Data provided:
○ ○ ○ ○ ○ ○ ○

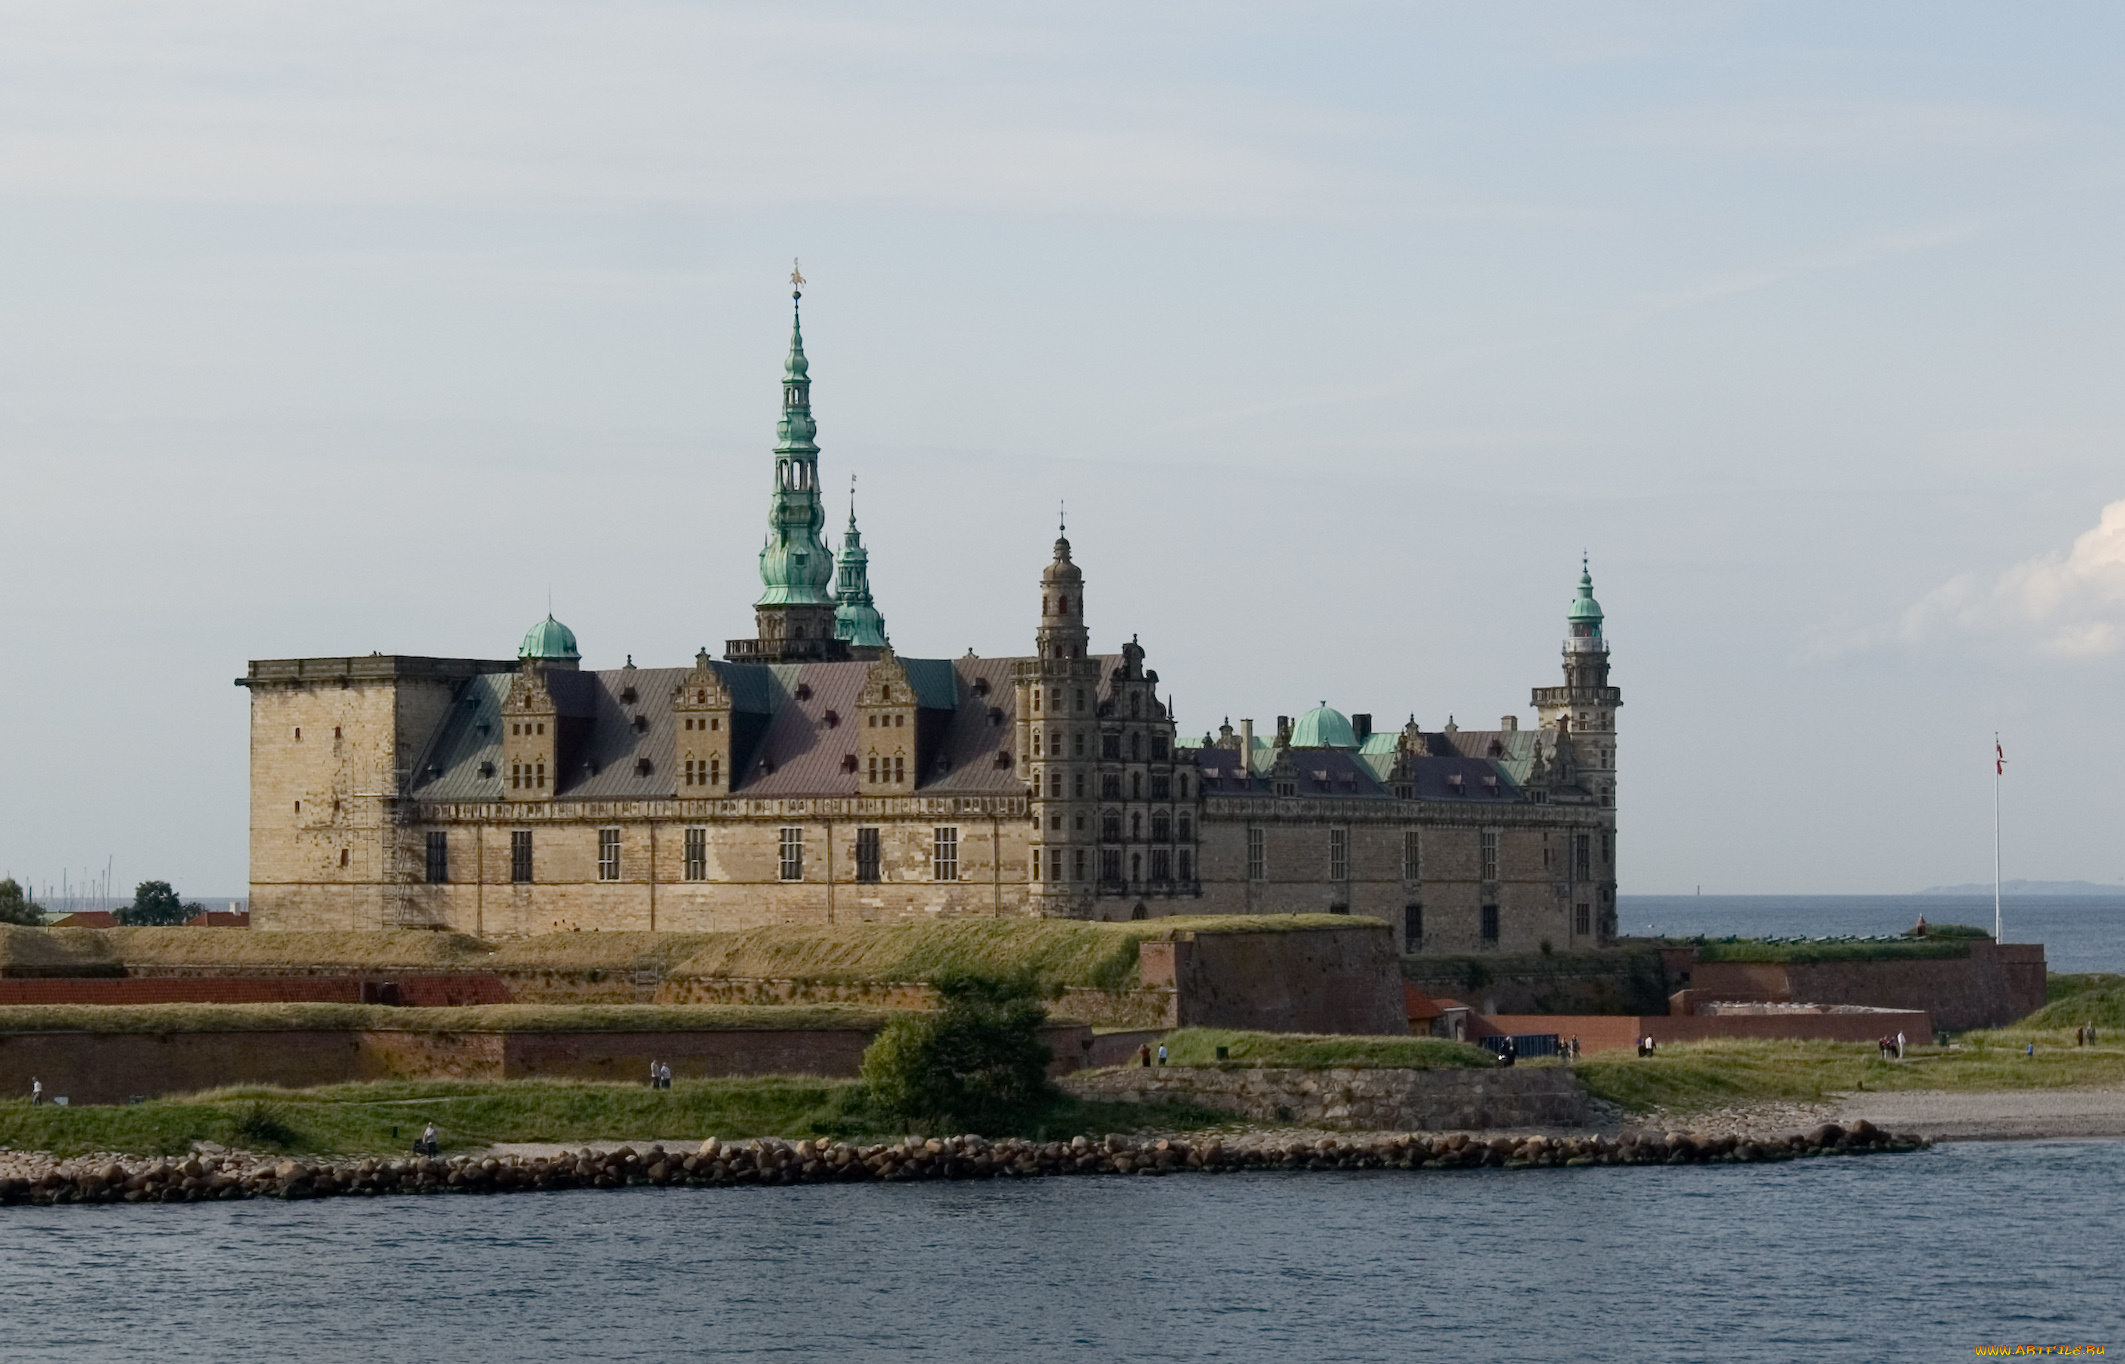 helsingoer, kronborg, города, дворцы, замки, крепости, море, парк, замок
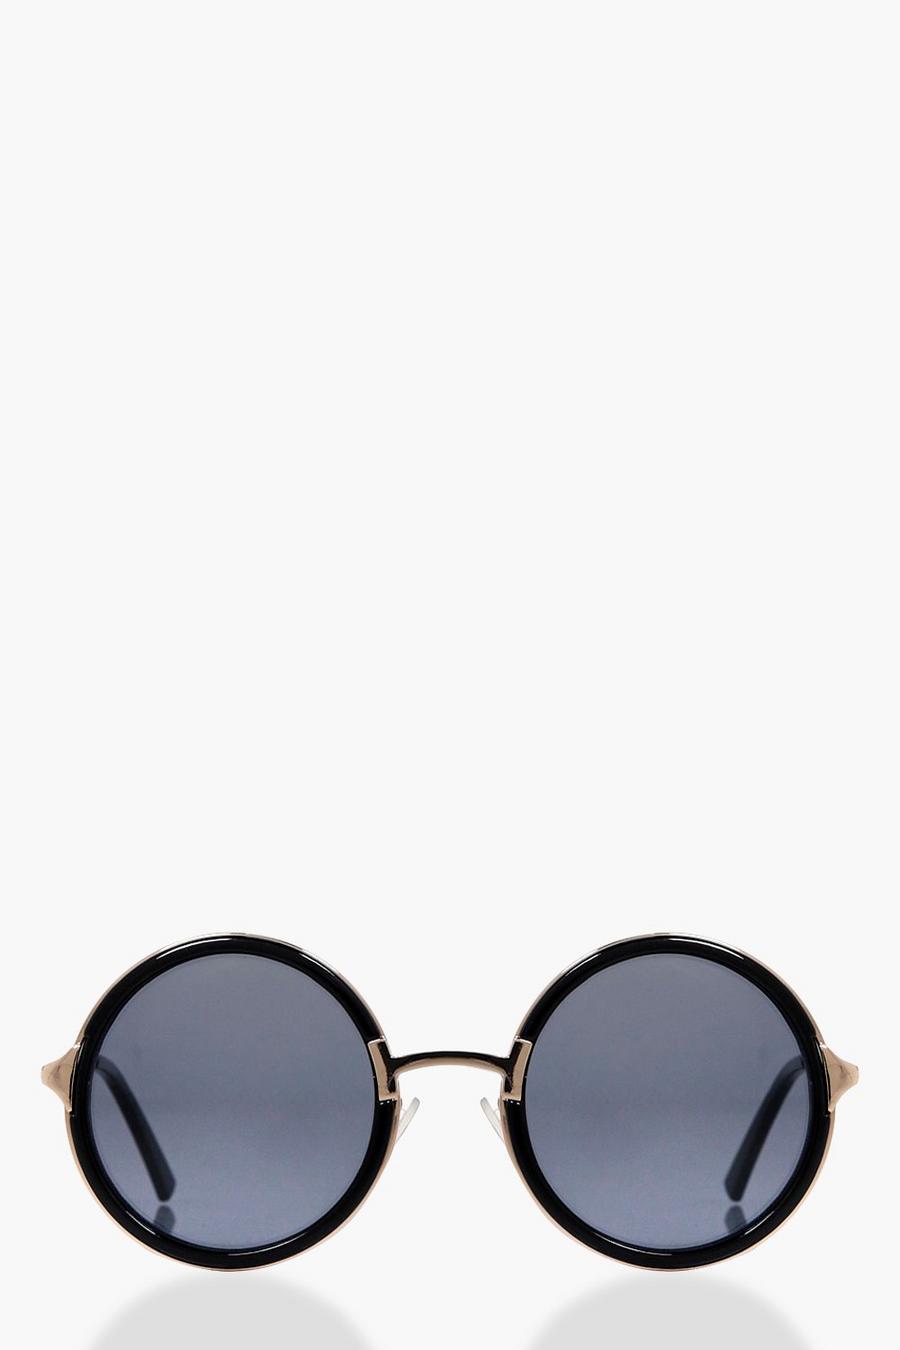 Smokey Black Contrast Round Sunglasses image number 1
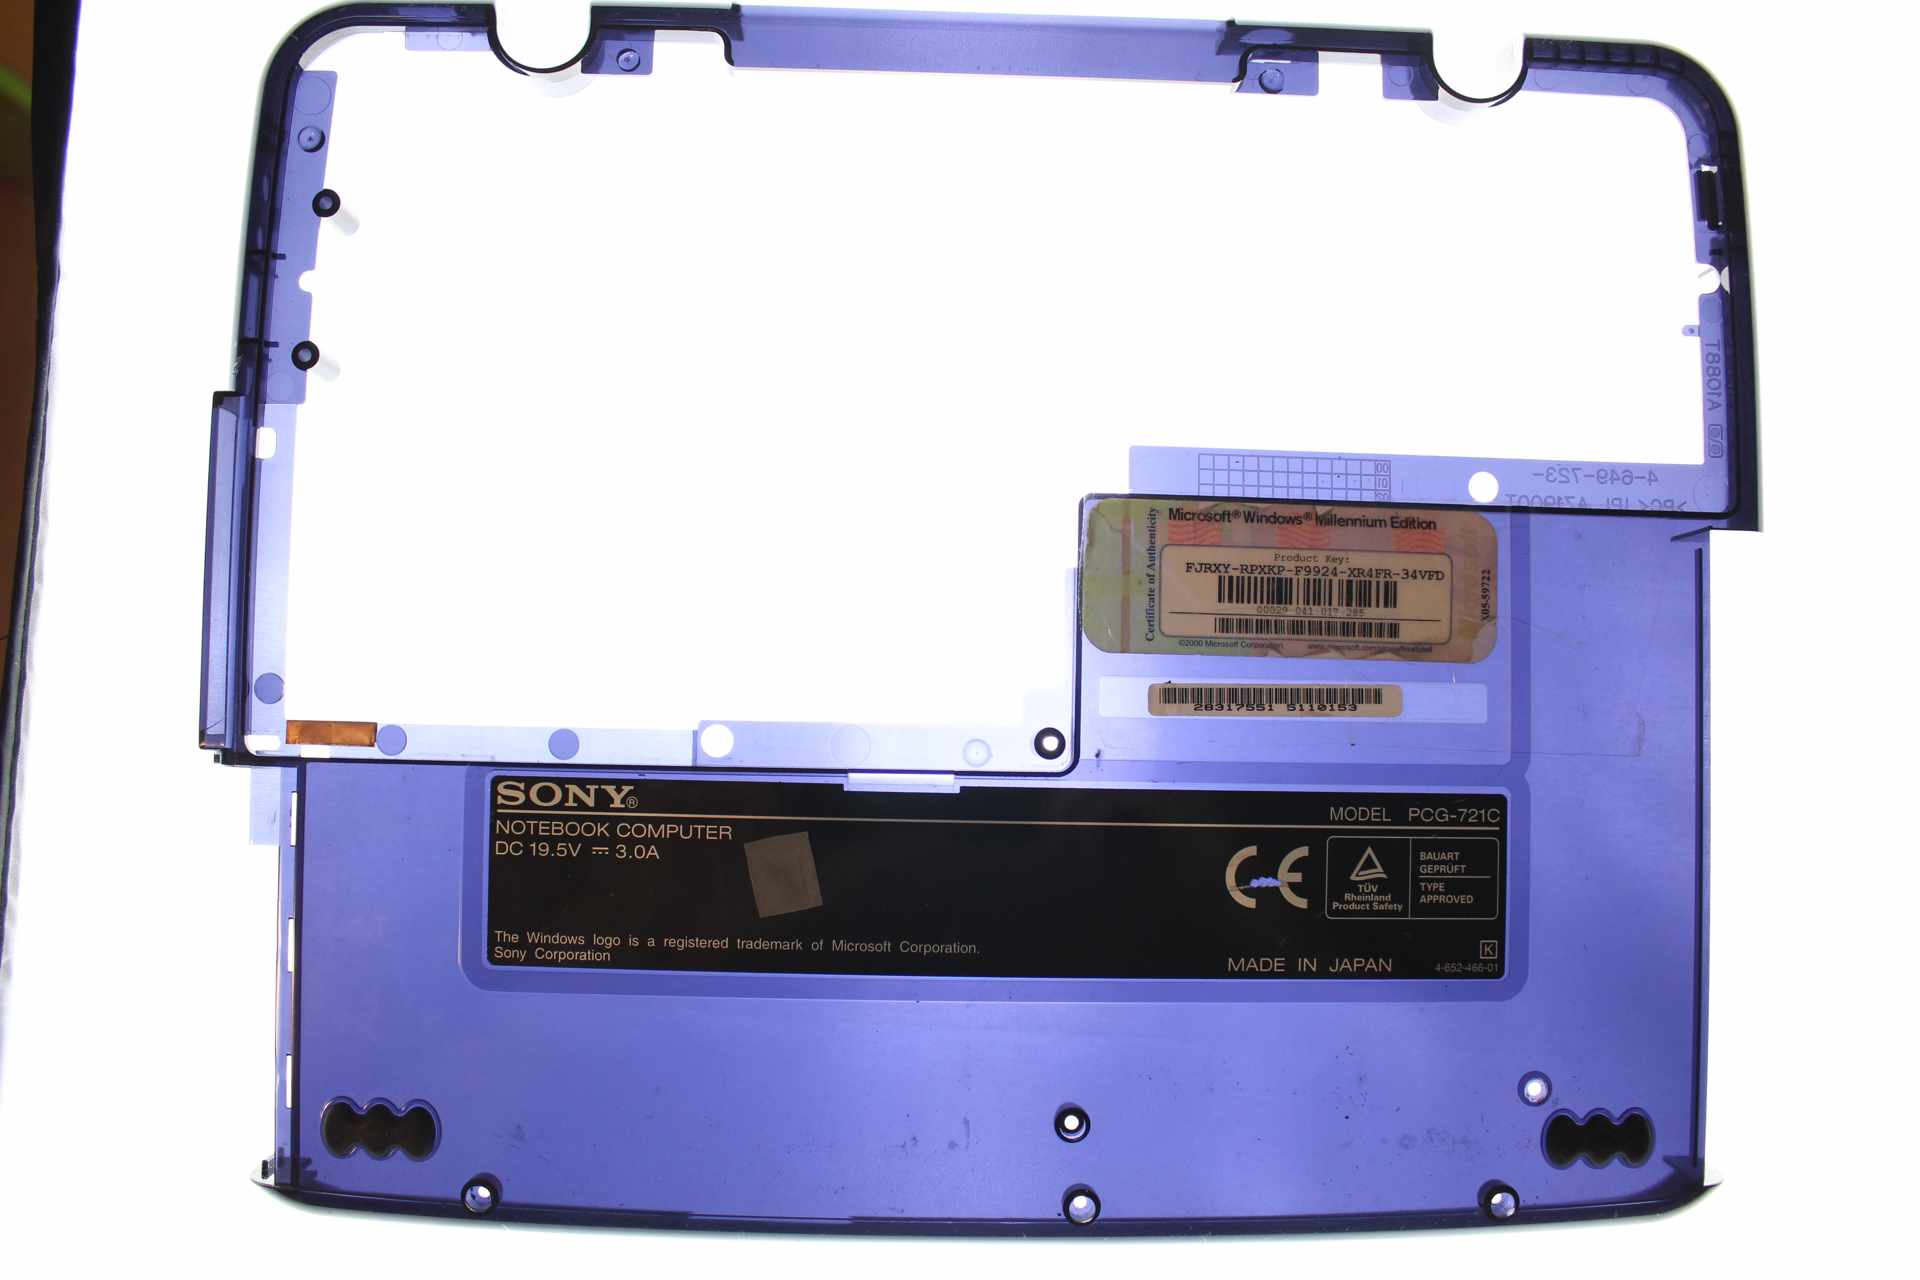 Sony Vaio PCG-QR10

○ ○ ○ ○ ○ ○ ○

Brief: The data must be printed exactly, image-free.

Result of this task:
 helsingoer, kronborg, города, дворцы, замки, крепости, море, парк, замок
 Smokey Black Contrast Round Sunglasses image number 1
 Sony Vaio PCG-QR10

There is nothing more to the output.